While it would be possible to design floating-point hardware that whose execution speed for any particular operation would be independent of the values of the operands, it is generally advantageous to minimize the average-case time especially if that can be done without affecting the worst-case time. For example, even if a chip would normally require six cycles to perform a double-precision floating-point multiply, performance in many applications could be improved if, at the same time as the chip started the multiplication process, a separate circuit did the following:
Set R1 if first operand is NaN or second operand is +/- 1.0
Set R2 if second operand is NaN or first operand is +/- 1.0
Set Z if either operand is +/- 0.0
Set N if either operand is NaN
If (R1 or R2 or Z)
Set the body of the result, excluding sign, to the (first-op & R1) | (second-op & R2)
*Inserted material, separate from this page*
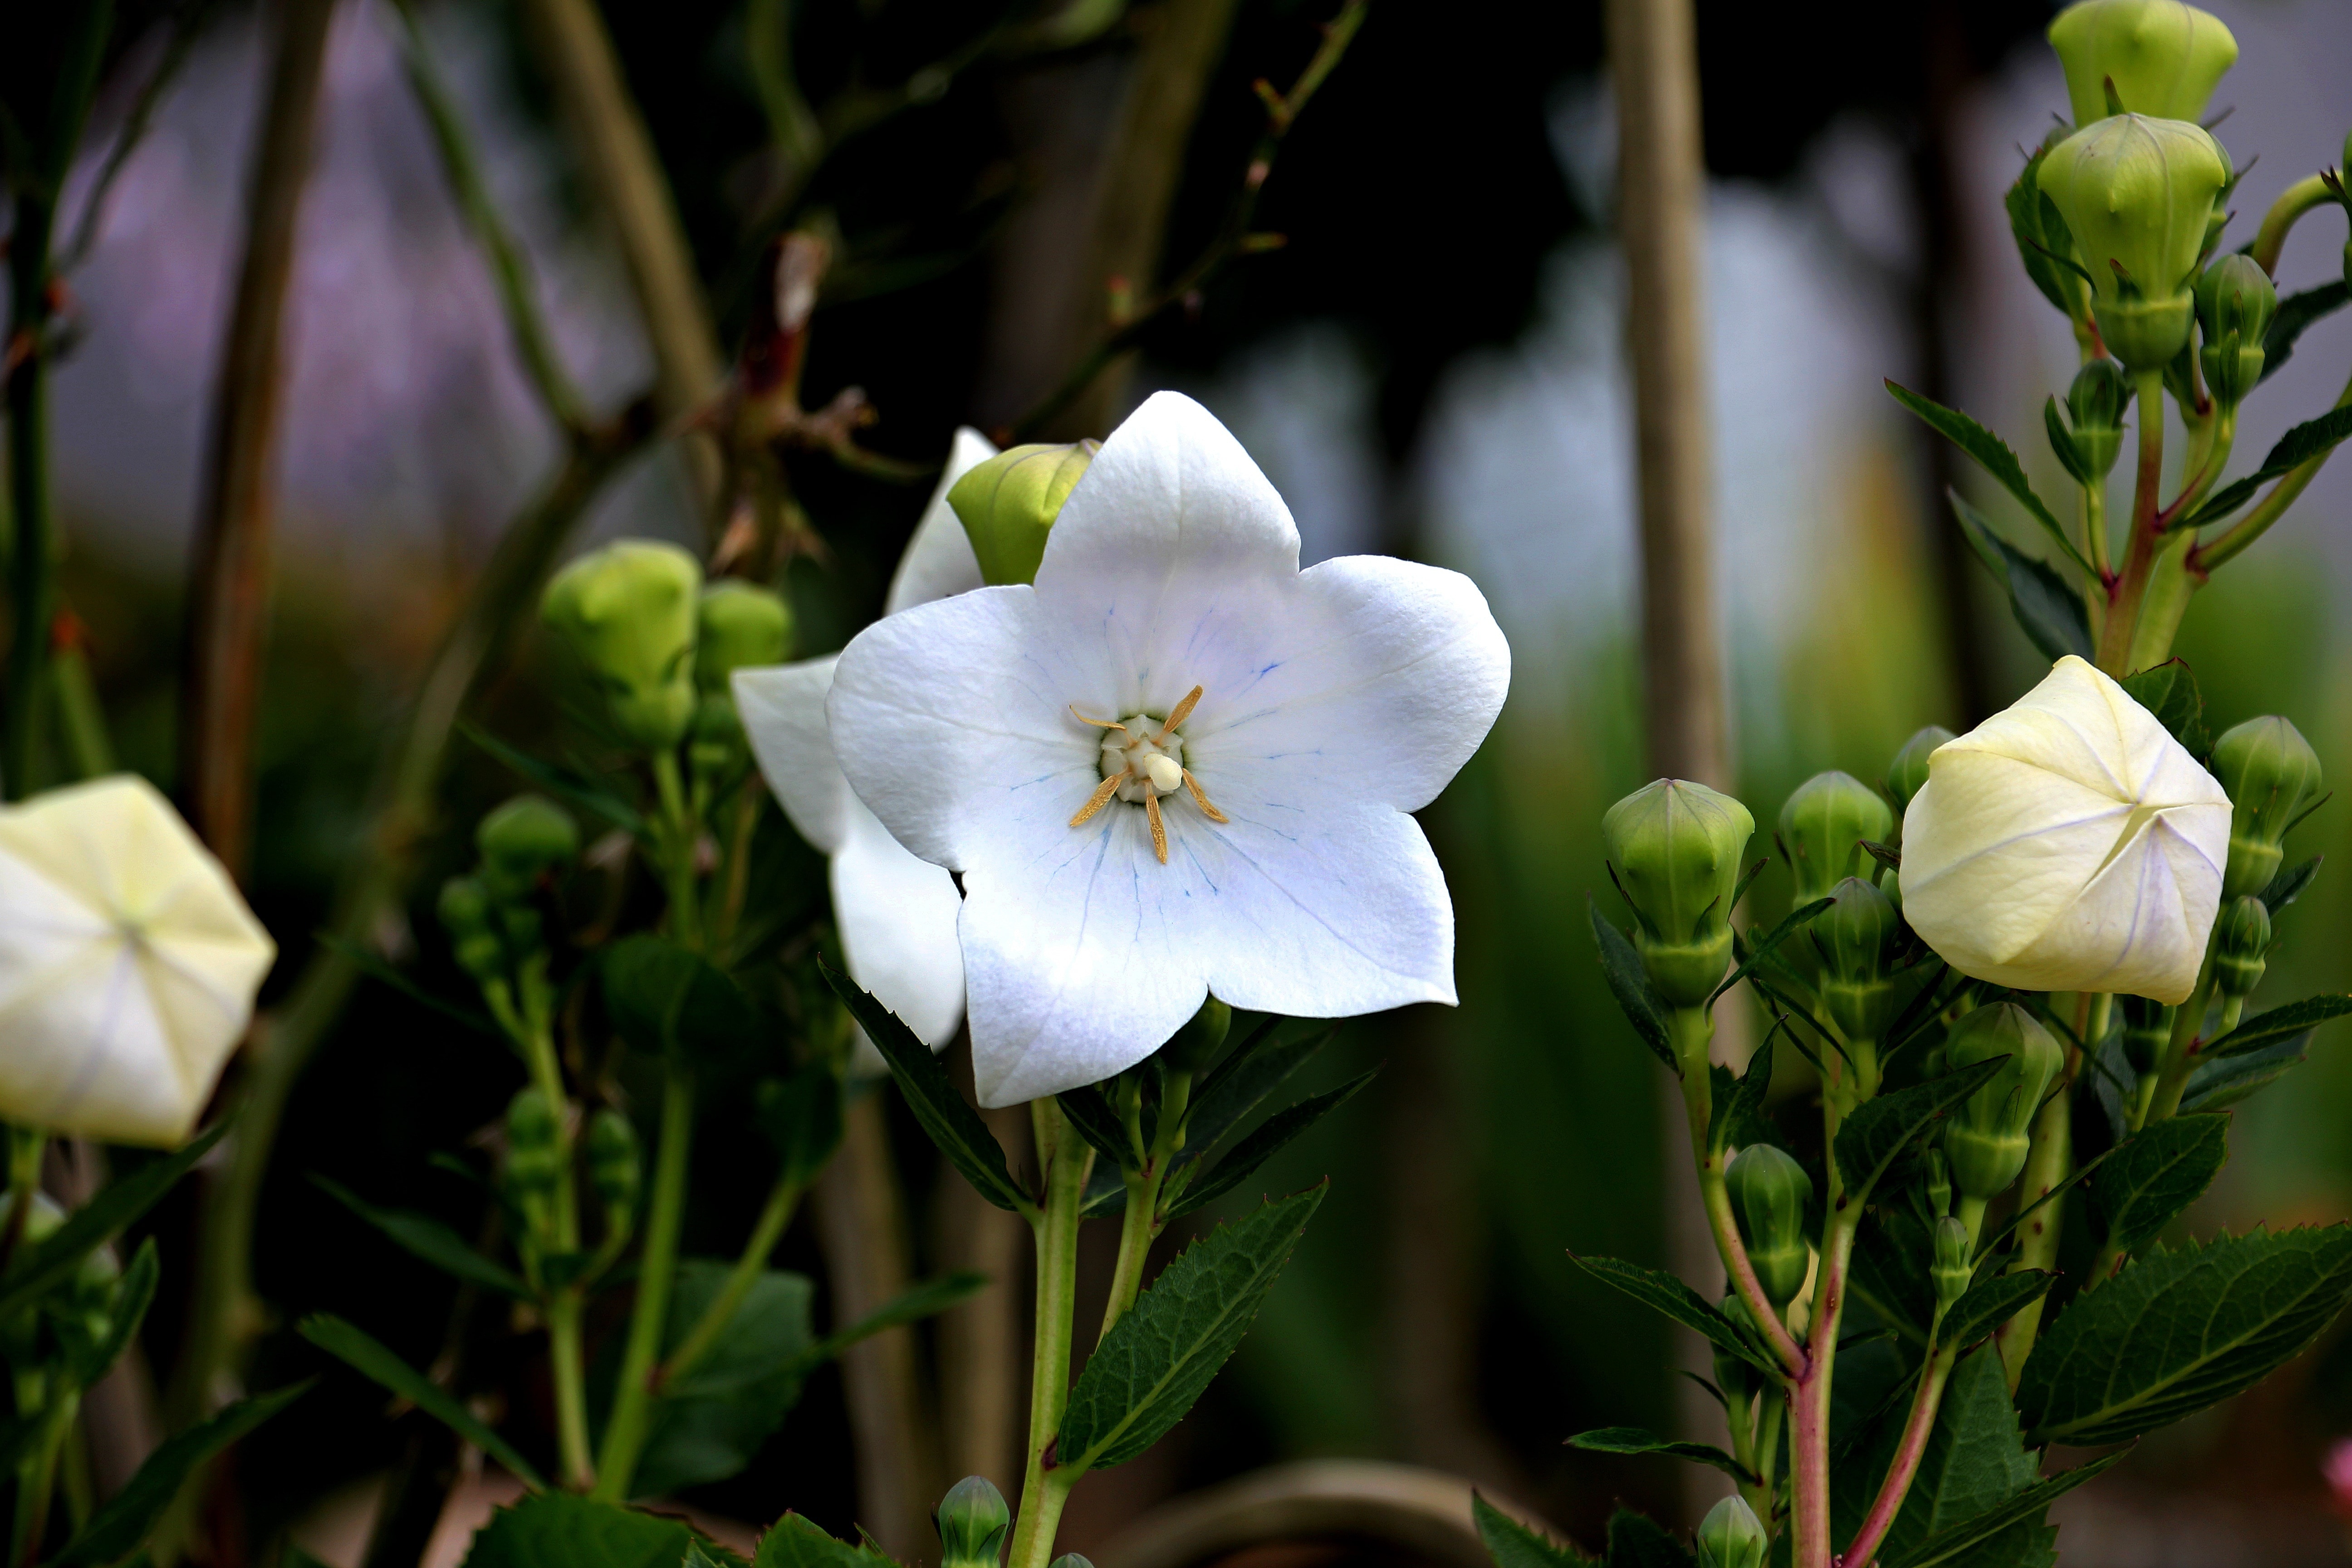 white 5 petaled flower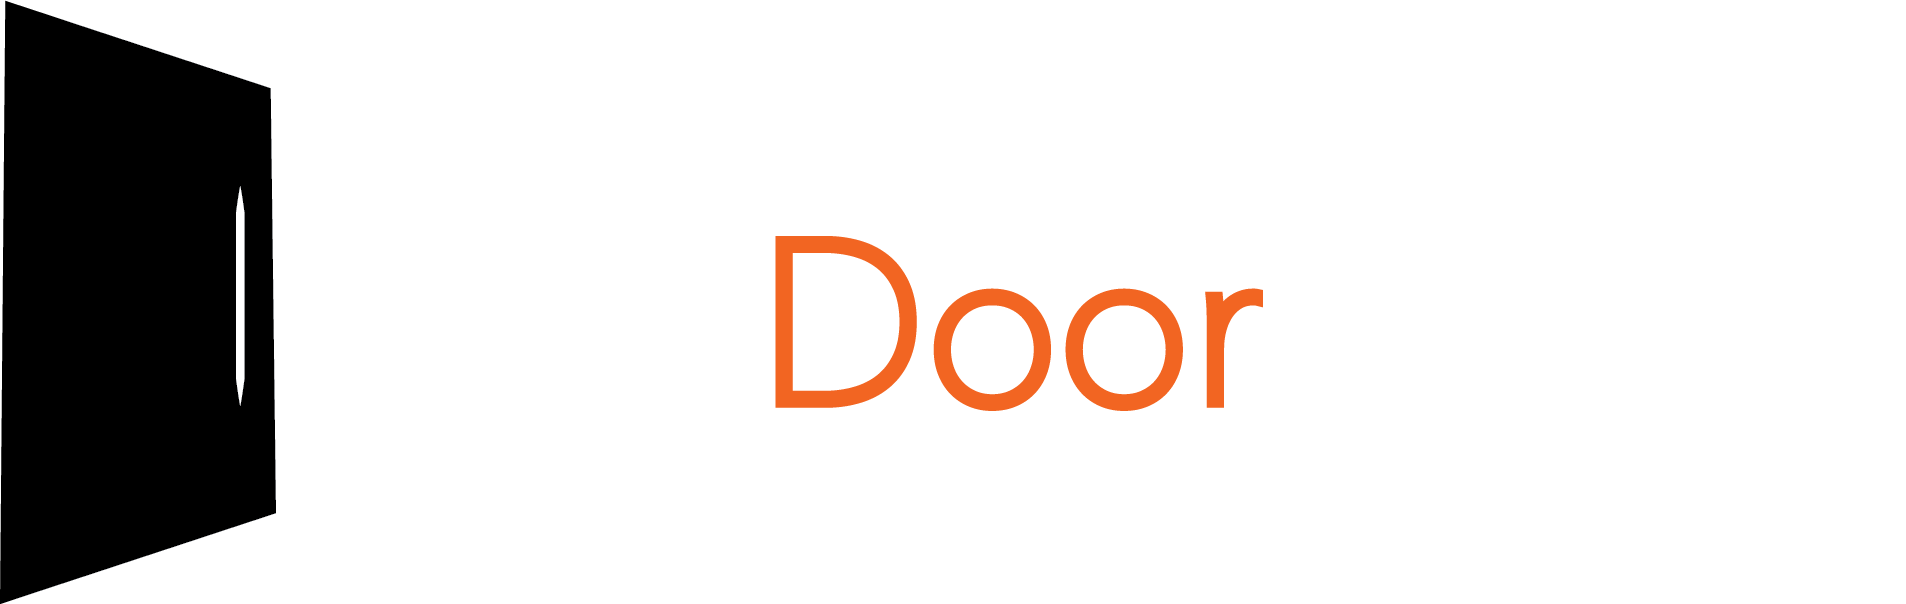 THE DOOR CENTRE

Set the sign of the result to (first-op & (R1 | !N)) ^ (second-op & (R2 | !N))
Skip the rest of the multiplication
Adding the above logic would cause floating-point multiplies by +/- 1.0, or +/- 0.0 to be performed in a sixth of the time required for multiplication not involving such constants. There are many scenarios where code accepts arbitrary scaling factors but is most often used with scaling factors of zero or one; some graphics applications, for example, might allow arbitrary scaling, rotation, and shear but be used most frequently with a scale factor of one, no rotation, and no shear. Expediting multiplication by zero and one, despite requiring less hardware than would be required to improve most multiplications by a cycle, could in many scenarios offer a more useful performance boost.